В кабинет вошли два молодых человека в вельветовых пиджаках. Греков их узнал и даже вспомнил имена. Долговязого, кажется, зовут Федором, блондина — Эдуардом.
— А где же Борис? — спросил Тищенко.
— Ну его! С ним стало совершенно невозможно работать. — Эдуард положил на стол пачку перфолент и листы бумаги. — Бюрократ он, ваш Борис.
— Вы сказали ему, что это немодно?
— Сказали, — подтвердил Федор. — Только в несколько иной форме, — и сухо щелкнул пальцами.
— Федя, я этого не выношу. — Тищенко поморщился.
— Извините, профессор. — Федор сунул руки в карманы. — Он, видите ли, не убежден, что по организации контроля оборудования «Минск тридцать два» выдал результат идентичный «Минску двадцать два». Ему нужна единая привязка. Без этого наш бюрократ не может вести переговоры с заказчиком.
— Как будто мы можем! — Эдуард подошел к доске и взял мел. — Мы халтурщики и хотим поскорей избавиться от темы. Даже сюда не пожелал идти. Может, прикажете ему, Станислав Михайлович? У него ведь все расчеты технического обеспечения системы.
Тищенко подошел к телефону. Набрал несколько цифр, не дождавшись ответа, положил трубку.
— Вы слишком нетерпимы, друзья. Когда Борис найдет нужным выступить, он выступит. Да и пересчет не займет много времени, стоит ли об этом говорить? Начнем! Вам слово, Эдуард…

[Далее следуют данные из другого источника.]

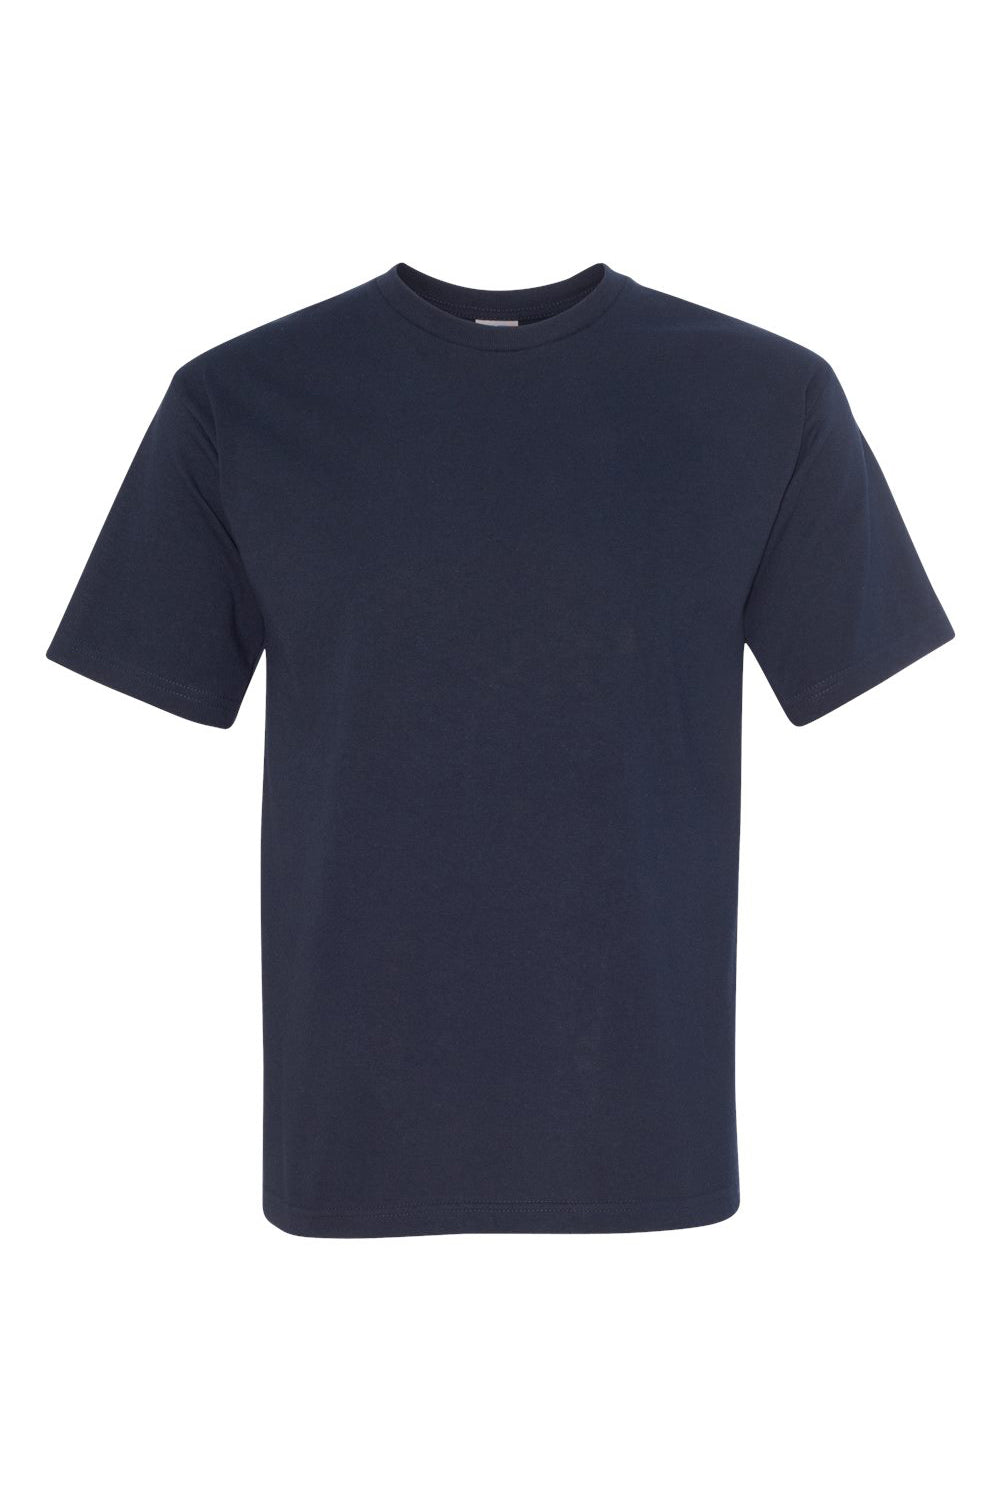 Bayside BA5040 Mens USA Made Short Sleeve Crewneck T-Shirt Dark Navy Blue Flat Front

Сообщения молодых людей захватили Грекова. Это были уже не беглые наброски, а серьезные исследования, подкрепленные расчетами на электронно-вычислительных машинах. Но больше всего его поразила пропасть между тем, что должно быть, и тем, что есть.
Тищенко настороженно смотрел на Грекова из-под припухших век.
— Что, Геннадий Захарович, пугаетесь? — Профессор подошел к доске и исправил цифру в расчетах ритма запуска новых деталей.
— Чепуха! — горячо возразил Эдуард. — Вы не учли время переналадки станка.
— Извините, — Тищенко восстановил цифру. — Видите, Геннадий Захарович, отстаю от жизни. Теоретизирую.
— Судя по всему, объем работ даже на первом этапе оптимального планирования будет столь высок, что все остальные заводские дела придется свернуть, — проговорил Греков, испытывая смятение.
— Это вам лишь так кажется. — Тищенко отвел Грекова к окну. — Но я, честно говоря, рассчитывал на более закаленные нервы. Надо начинать, Геннадий Захарович. Просто необходимо.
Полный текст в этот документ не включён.